Leakage-Aware Bandgap Prediction on the JARVIS-DFT Dataset: A Phase-Wise Feature Analysis
This work addresses data leakage issues in materials science for researchers, providing a curated dataset and baseline metrics, but it is incremental as it focuses on analysis and control rather than novel prediction methods.
The study tackled the problem of data leakage in bandgap prediction by curating a leakage-controlled dataset of 2280 materials from JARVIS-DFT, and found that tree-based models achieved R2 values of 0.88 to 0.90, with dielectric tensor components as key predictors.
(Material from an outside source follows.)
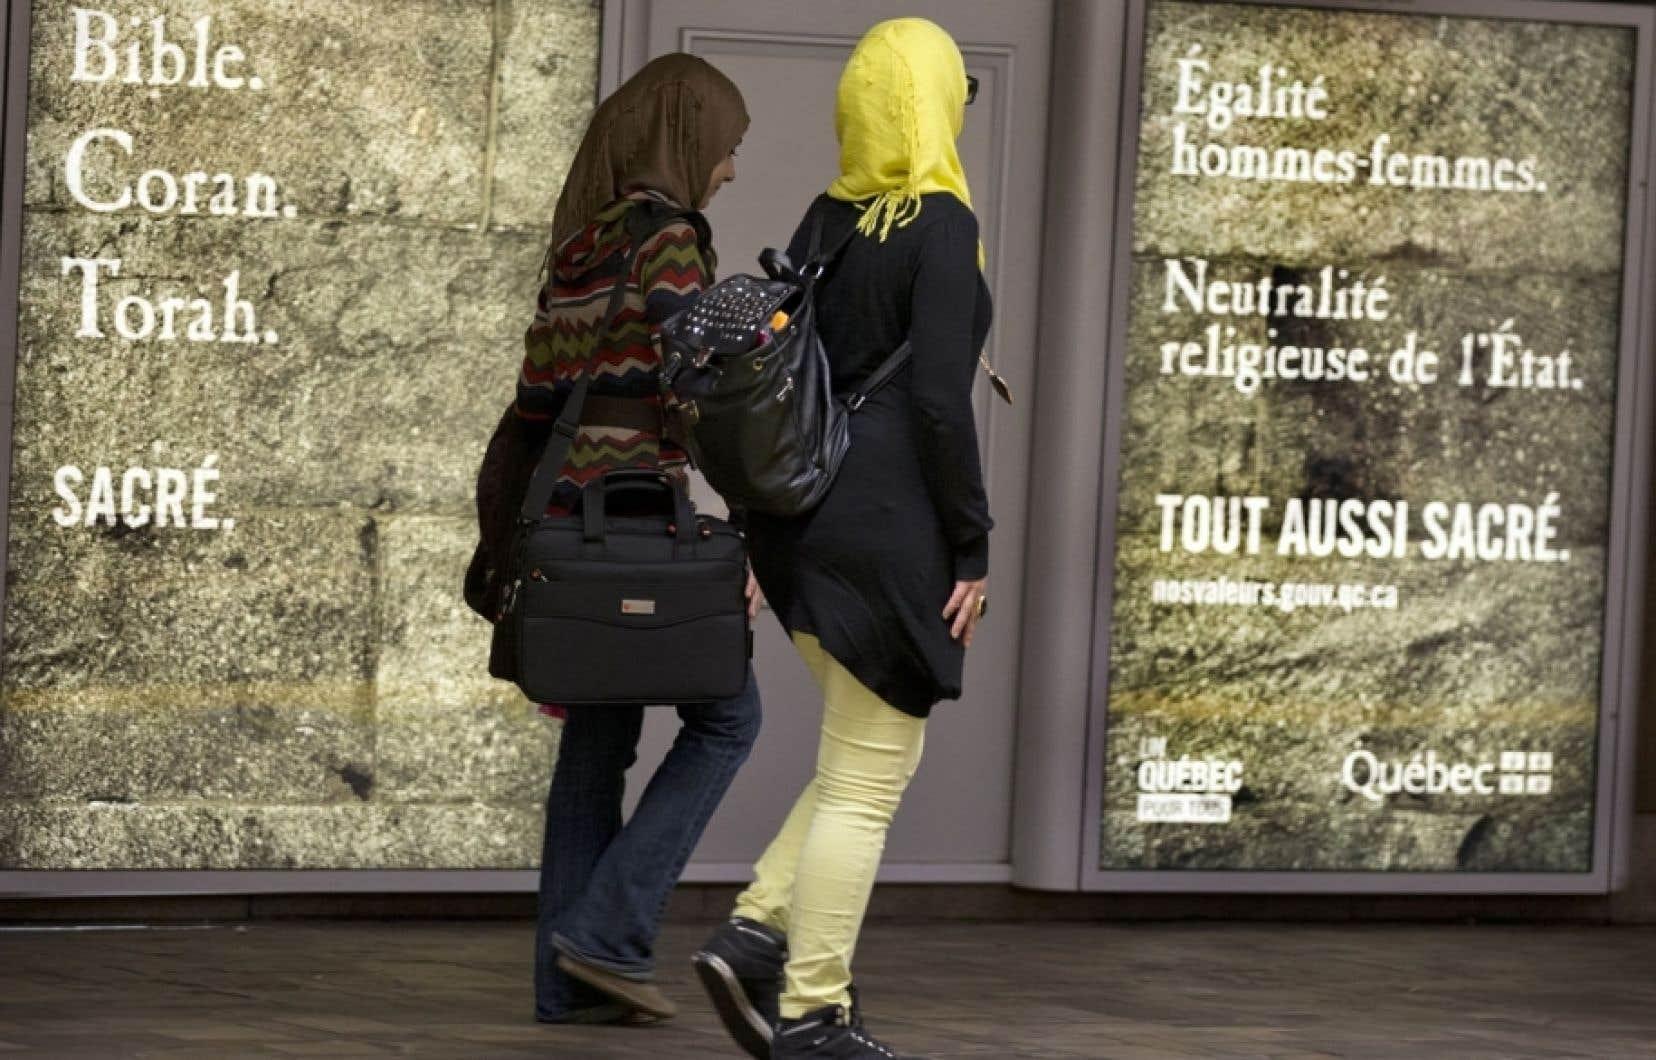 Amnistie internationale Canada francophone a déclaré que «pour les personnes, et en particulier les femmes, qui subiraient une coercition pour porter un signe religieux, leur interdire de le porter ne corrige pas la situation».

In this study, we perform a systematic analysis of the JARVIS-DFT bandgap dataset and identify and remove descriptors that may inadvertently encode band-structure information, such as effective masses. This process yields a curated, leakage-controlled subset of 2280 materials. Using this dataset, a three-phase modeling framework is implemented that incrementally incorporates basic physical descriptors, engineered features, and compositional attributes. The results show that tree-based models achieve R2 values of approximately 0.88 to 0.90 across all phases, indicating that expanding the descriptor space does not substantially improve predictive accuracy when leakage is controlled. SHAP analysis consistently identifies the dielectric tensor components as the dominant contributors. This work provides a curated dataset and baseline performance metrics for future leakage-aware bandgap prediction studies.